WASHINGTON Vaccines aren't just for kids, but far too few grownups are rolling up their sleeves, disappointed federal health officials reported Wednesday.
The numbers of newly vaccinated are surprisingly low, considering how much public attention a trio of new shots which protect against shingles, whooping cough and cervical cancer received in recent years.
Yet many seem to have missed, or forgotten, the news: A survey by the National Foundation for Infectious Diseases found that aside from the flu, most adults have trouble even naming diseases that they could prevent with a simple inoculation.
"We really need to get beyond the mentality that vaccines are for kids. Vaccines are for everybody," said Dr. Anne Schuchat of the Centers for Disease Control and Prevention, who called the new data sobering. "We obviously have a lot more work to do."
The new CDC report found:
• Only about 2 percent of Americans 60 and older got a vaccine against shingles in its first year of sales.
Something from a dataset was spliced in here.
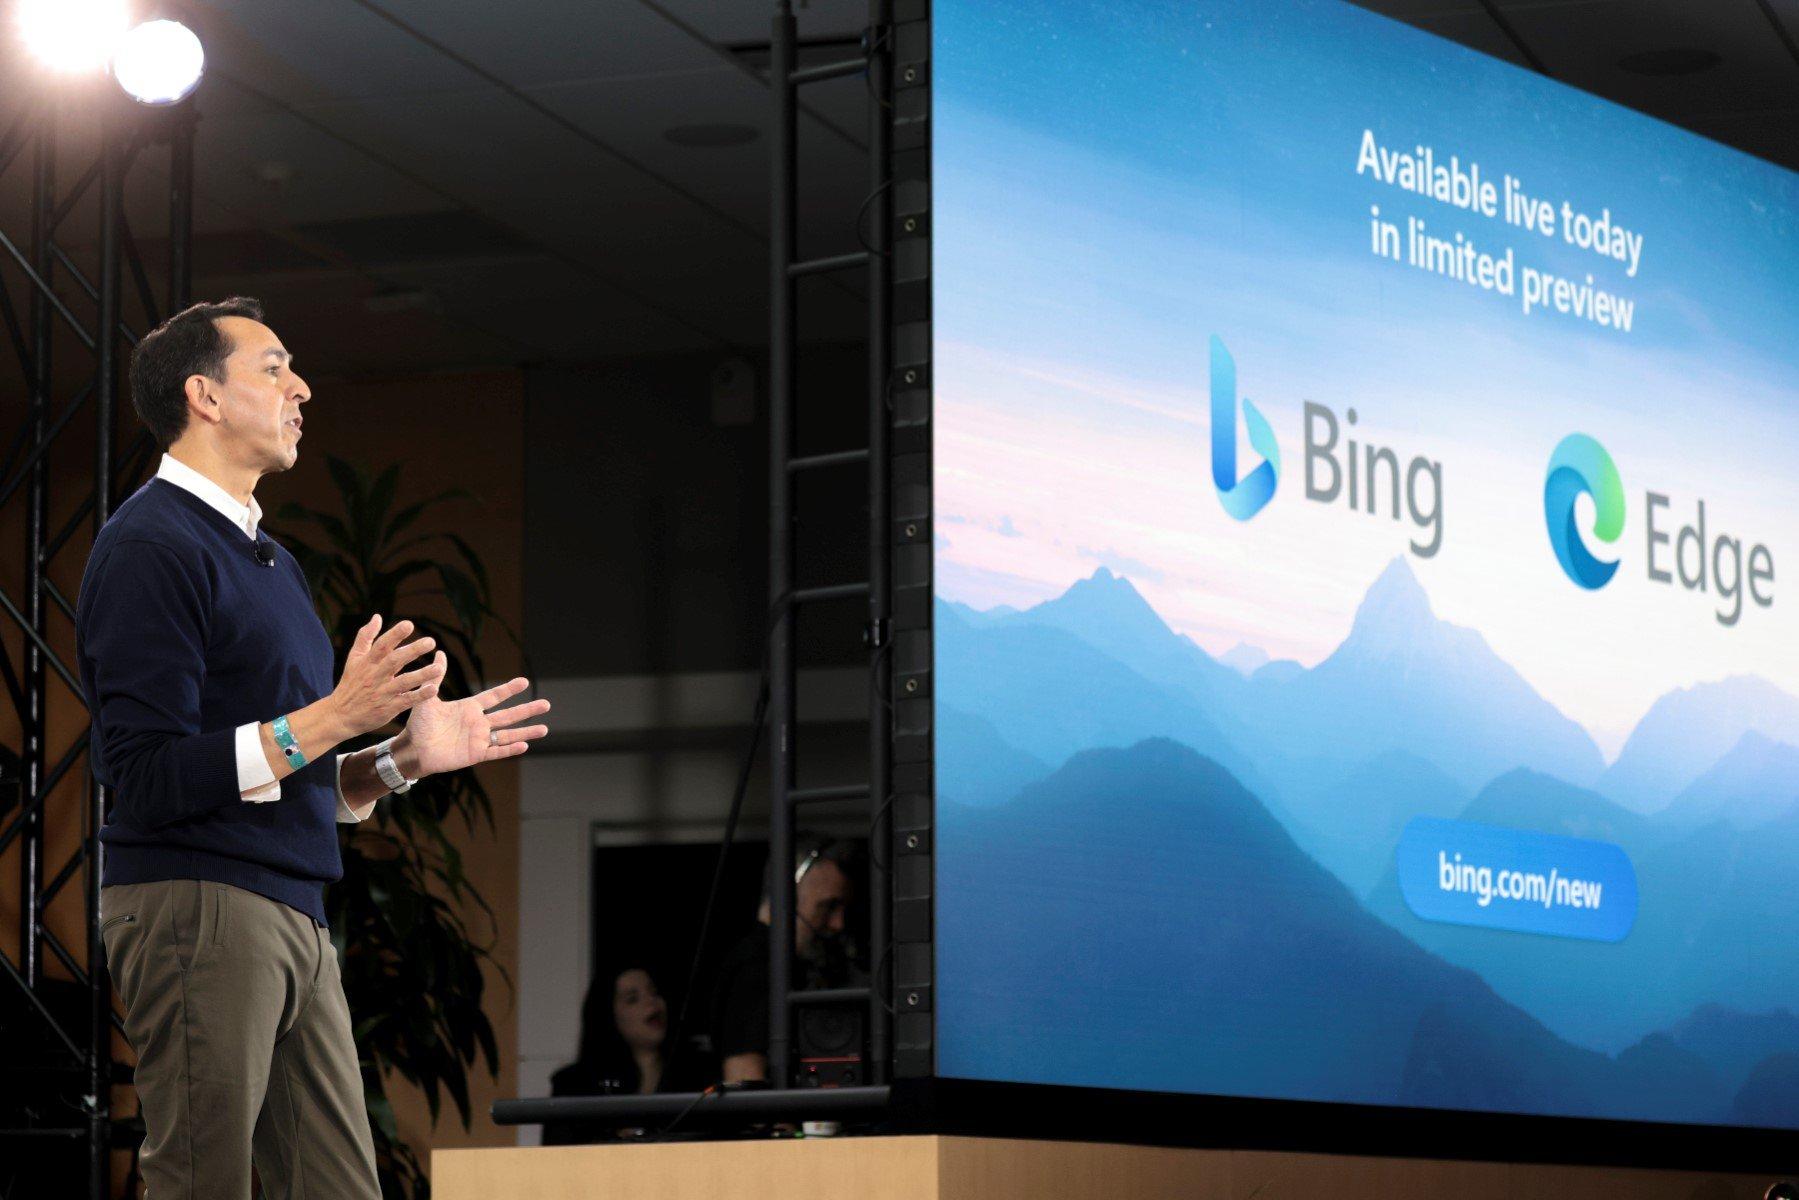 Yusuf Mehdi, Microsoft Corporate Vice President of Modern Life, Search, and Devices speaks during an event introducing a new AI-powered Microsoft Bing and Edge at Microsoft in Redmond, Washington on February 7, 2023. - Microsoft's long-struggling Bing search engine will integrate the powerful capabilities of language-based artificial intelligence, CEO Satya Nadella said, declaring what he called a new era for online search. (Photo by Jason Redmond / AFP)

There are more than 1 million new cases a year, an excruciating rite of aging that causes a blistering skin rash. Up to 200,000 of them develop a complication, severe nerve pain that can last for months or even years. Anyone who ever had chickenpox is at risk, especially once they hit their 60s, because the chickenpox virus hibernates for decades in nerve cells until erupting again.
"Many people describe the shingles pain as the worst pain they've ever endured," said Dr. Michael Oxman of the University of California, San Diego.
The shingles vaccine, Merck & Co.'s Zostavax, isn't perfect, but it cuts in half the risk of shingles and those who still get it have a much milder case.
• About 2 percent of adults ages 18 to 64 got a booster shot against whooping cough in the two years since it hit the market.
The cough so strong it can break a rib is making a big comeback, because the vaccine given to babies and toddlers starts wearing off by adolescence. Older patients usually recover, but whooping cough can cause weeks of misery. Worse, those people can easily spread the illness to not-yet-vaccinated infants, who can die from the bacterial infection, also called pertussis.
The pertussis booster was added to another long-recommended shot, a booster against tetanus and diphtheria that adults should get every 10 years. The new triple combo is called "Tdap." Sanofi-Aventis's Adacel brand is for ages 11 to 64. There also is a version for 10- to 18-year-olds, GlaxoSmithKline's Boostrix.